▸ Task item: Copy each line of the records below that has "white" in it.

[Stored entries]
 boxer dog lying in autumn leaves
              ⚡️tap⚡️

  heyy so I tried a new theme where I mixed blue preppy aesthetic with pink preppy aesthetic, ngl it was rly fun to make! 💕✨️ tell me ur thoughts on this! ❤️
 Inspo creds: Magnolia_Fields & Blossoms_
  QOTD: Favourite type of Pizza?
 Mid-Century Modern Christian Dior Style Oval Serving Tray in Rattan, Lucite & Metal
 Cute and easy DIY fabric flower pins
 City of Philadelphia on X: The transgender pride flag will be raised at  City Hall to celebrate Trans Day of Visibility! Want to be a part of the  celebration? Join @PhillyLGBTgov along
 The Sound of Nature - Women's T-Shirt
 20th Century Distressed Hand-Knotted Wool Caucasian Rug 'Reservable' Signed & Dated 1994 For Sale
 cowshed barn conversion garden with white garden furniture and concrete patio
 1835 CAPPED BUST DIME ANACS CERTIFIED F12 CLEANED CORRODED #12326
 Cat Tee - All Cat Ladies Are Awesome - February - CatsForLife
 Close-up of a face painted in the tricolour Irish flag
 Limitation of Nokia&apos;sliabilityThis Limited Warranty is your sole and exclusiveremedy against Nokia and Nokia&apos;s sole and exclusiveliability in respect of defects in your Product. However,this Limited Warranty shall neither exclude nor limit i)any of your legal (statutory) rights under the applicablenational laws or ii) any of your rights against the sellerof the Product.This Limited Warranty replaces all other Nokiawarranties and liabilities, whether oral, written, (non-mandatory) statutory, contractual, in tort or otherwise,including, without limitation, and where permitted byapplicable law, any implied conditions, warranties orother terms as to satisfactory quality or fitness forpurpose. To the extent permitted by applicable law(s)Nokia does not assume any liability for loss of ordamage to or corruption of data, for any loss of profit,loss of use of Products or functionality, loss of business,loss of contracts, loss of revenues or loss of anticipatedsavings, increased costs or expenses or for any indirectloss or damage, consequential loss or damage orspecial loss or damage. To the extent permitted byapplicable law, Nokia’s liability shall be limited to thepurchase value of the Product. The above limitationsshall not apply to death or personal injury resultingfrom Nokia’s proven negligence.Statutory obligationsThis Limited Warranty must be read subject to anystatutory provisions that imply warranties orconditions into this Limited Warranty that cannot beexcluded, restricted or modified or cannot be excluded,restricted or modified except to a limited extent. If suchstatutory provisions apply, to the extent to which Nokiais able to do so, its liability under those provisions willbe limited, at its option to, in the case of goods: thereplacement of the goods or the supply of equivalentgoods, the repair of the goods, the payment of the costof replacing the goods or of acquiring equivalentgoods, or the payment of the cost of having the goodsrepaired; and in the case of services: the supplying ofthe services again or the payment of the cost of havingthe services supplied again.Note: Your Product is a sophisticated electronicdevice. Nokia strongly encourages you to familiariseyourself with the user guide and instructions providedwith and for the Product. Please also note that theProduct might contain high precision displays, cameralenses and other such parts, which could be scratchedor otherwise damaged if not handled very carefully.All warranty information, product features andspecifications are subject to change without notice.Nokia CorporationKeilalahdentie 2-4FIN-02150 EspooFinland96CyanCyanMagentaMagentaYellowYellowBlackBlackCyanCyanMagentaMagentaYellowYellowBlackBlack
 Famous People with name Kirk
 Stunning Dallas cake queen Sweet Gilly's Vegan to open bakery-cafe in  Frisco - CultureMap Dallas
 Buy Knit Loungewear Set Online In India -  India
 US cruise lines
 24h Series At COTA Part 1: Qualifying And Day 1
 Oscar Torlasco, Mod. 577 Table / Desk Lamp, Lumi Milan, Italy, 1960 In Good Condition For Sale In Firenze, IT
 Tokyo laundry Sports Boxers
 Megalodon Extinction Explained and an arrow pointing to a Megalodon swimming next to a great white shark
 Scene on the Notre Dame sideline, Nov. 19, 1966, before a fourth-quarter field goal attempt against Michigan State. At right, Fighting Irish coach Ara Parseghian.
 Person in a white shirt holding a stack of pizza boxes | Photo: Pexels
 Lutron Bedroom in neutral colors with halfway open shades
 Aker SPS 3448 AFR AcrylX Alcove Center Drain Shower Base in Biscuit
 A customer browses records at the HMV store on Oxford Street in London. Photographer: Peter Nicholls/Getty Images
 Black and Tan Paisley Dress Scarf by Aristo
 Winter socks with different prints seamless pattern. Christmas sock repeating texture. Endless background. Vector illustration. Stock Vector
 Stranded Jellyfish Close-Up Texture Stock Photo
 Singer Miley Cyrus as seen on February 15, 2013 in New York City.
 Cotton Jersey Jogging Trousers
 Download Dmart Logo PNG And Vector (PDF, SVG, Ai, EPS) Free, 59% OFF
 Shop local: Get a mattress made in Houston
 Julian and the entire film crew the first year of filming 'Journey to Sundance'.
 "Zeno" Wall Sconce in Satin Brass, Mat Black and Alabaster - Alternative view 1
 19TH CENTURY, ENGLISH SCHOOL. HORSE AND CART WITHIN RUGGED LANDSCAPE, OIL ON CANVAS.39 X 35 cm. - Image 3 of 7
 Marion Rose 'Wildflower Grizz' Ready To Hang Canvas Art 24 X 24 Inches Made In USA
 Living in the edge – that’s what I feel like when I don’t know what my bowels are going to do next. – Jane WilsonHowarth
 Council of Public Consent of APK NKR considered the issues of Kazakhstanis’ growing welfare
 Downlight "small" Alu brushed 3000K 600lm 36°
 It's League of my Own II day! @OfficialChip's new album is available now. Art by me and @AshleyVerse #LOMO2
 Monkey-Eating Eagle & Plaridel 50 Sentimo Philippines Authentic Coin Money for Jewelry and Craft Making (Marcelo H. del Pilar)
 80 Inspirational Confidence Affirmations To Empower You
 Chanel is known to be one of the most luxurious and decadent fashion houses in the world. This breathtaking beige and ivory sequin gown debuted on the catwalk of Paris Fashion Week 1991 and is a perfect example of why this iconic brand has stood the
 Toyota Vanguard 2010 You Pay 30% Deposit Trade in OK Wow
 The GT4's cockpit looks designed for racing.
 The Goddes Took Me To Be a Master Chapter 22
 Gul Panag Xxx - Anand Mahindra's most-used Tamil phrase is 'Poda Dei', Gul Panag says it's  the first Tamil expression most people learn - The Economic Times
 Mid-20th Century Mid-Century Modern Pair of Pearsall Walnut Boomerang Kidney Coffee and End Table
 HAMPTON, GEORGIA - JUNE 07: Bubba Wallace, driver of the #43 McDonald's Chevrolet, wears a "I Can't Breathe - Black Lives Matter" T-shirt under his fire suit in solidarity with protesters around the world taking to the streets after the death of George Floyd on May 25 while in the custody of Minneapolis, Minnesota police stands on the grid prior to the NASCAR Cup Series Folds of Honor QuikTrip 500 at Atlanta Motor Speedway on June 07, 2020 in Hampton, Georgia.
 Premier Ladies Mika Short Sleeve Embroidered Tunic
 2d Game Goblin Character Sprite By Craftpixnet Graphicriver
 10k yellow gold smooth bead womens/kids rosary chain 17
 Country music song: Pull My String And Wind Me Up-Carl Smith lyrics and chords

▸ Answer box:
 cowshed barn conversion garden with white garden furniture and concrete patio
 Megalodon Extinction Explained and an arrow pointing to a Megalodon swimming next to a great white shark
 Person in a white shirt holding a stack of pizza boxes | Photo: Pexels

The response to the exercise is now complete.